The FCA’s Codes Recognition Scheme was established last year to allow the regulator to recognise external industry codes for unregulated financial markets and activities.
Now, the FX Global Code is one of the first codes to be recognised by the UK regulator, alongside the UK Money Markets Code.
Both of the above-mentioned external market codes are voluntary and have been written by market participants.
The UK Money Markets Code was published in April 2017 and incorporates revised relevant sections of the Non-Investment Products (NIPs) Code and a revision and update of the Gilt Repo Code in addition to the Securities Borrowing and Lending Code.

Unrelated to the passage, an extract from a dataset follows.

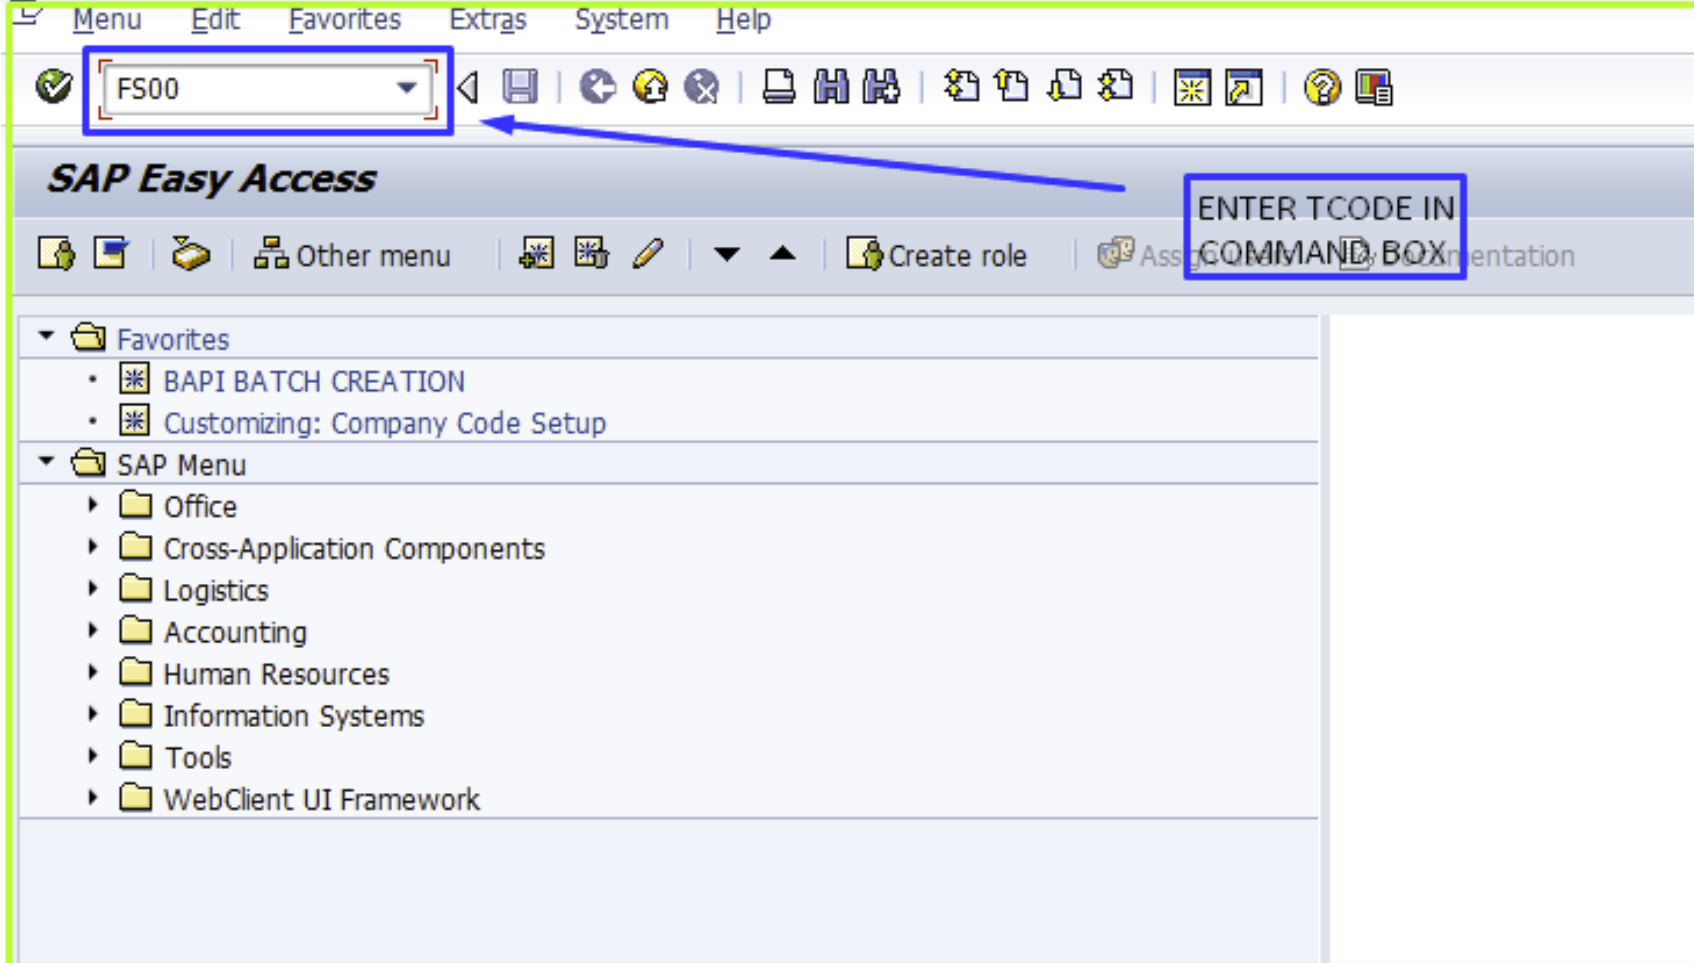 sap f110 account requires an assignment to a co object

The FX Global Code on the other hand, was first published in May 2017 and is a set of global principles of good practice in the foreign exchange market for all FX Market Participants. The FX Global code has been written and is owned by the FX industry, reflecting industry views of best practice. Those market participants committed to this code can show their support of the code’s objectives by making a voluntary statement of commitment. The FX Global Code has been updated a number of times since initial publication and it is the latest version of the code (August 2018) that the FCA has acknowledged support for.
Issued in a Feedback Statement (FS19/3) on 26 June 2019, the FCA has now detailed their support for both the FX Global Code and the UK Money Markets code, following an earlier FCA consultation paper (CP18/39) that was published in December last year.
All responses received from the FCA’s consultation agreed that the FX Global Code and the UK Money Markets Code met the FCA’s recognition criteria and that they should be recognised.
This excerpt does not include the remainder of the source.